A popular methodology that companies of all sizes and industries are using is Six Sigma. The technique is best known for its ability to reduce product and service quality problems. Although Six Sigma shares objectives with Lean (improved processes, waste reduction, increased productivity and greater customer satisfaction), the methodology is more data-driven, quantitative and statistically based than Lean. Be assured that maintenance departments can benefit from Six Sigma programs.
Statistics reflect reality
Six Sigma provides systematic problem-solving using a variety of statistical tools and analysis. The term “six sigma” comes from the statistics measure of deviation from the mean. For normal distributions, 68% of the population should fall within one standard deviation — one sigma — from the mean. Similarly, 95% and 99.7% falls within two and three sigma, respectively.
Assume a specification calls for a part 1.00 inch in length, with 3 sigma being equal to 0.01 inch. With 3-sigma quality, you’d expect parts to be within spec 99.73% of the time (a defect rate of 2.7 per 1,000 parts). This was the accepted quality benchmark in manufacturing before the emergence of Six Sigma.
However, some companies felt that a 3-sigma standard wasn’t good enough. Motorola, for example, observed that a process could drift by about 1.5 sigma over time. In the example above, this would cause the process mean to range from 0.995 to 1.005, which might represent a significant shift for some customers.
Thus, keeping the data points within an acceptable range required a counterbalancing tightening of tolerance. For a 1.5-sigma drift in the mean (half of 3 sigma), the sigma level tolerance would need to be half, or plus/minus 6 sigma.
The acceptable Six Sigma tolerance level is 3.4 defects per million opportunities (DPMO), that is to say at least 99.9996599% of data points should fall within plus or minus 6 sigma from the mean. Although this really represents 4.5 sigma in a normal distribution in which the mean doesn’t drift, it’s considered Six Sigma because of the expected 1.5-sigma process shift.
Some experts argue that the 1.5-sigma process shift is more empirical than theoretical. In fact, any process mean that changes as much as 1.5 sigma should be considered statistically out of control, unpredictable and, therefore, at risk of producing defects, regardless of the customer’s specification limits. The good news is that with modern technology such as condition-based monitoring and control software, trends can be tracked for detection and correction of any significant process drift.
Even with countless variations on the theme, there are really two fundamental Six Sigma methodologies: DMAIC and DMADV. Both strive to achieve predictable, defect-free performance, and are similar to Deming’s “Plan-Do-Check-Act” approach. Although the two frameworks have similarities, there are significant differences.

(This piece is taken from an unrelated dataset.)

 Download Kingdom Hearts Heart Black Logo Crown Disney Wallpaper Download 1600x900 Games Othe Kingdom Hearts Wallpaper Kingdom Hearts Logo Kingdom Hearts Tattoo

This version — define, measure, analyze, improve and control - is applied to existing substandard business processes. Define establishes goals for improvement in line with customer demands and overall business strategy. This might be hierarchical, such as improved return on capital employed (ROCE) at the overall business strategy level, increased asset performance at the Operations and Maintenance departmental level, and reduced defects at the improvement project level.
Measure refers to tracking data related to the process, using reliable metrics relevant to the goals established in the first step. Analyze involves using statistical tools and root cause analyses to identify ways to minimize the gap between current metrics and the desired goal. Improve means optimizing processes based on analysis, using project management and change-management techniques to ensure effectiveness. Control refers to process monitoring and control to correct variances before defects appear. It requires adjusting policies and procedures, budgets, compensation and incentives, information systems, organizational structure and so on to ensure results sustainability.
This version — define, measure, analyze, design and verify — applies to designing products or processes, or to an existing process that requires more than an incremental improvement. Define determines the design goals in light of customer demands and deliverables. Measure helps determine product, service and process characteristics, as defined by the internal or external customer. It uses actionable and quantifiable business specifications such as design failure mode effects analysis (DFMEA) as part of a reliability-centered maintenance program. It’s a risk assessment.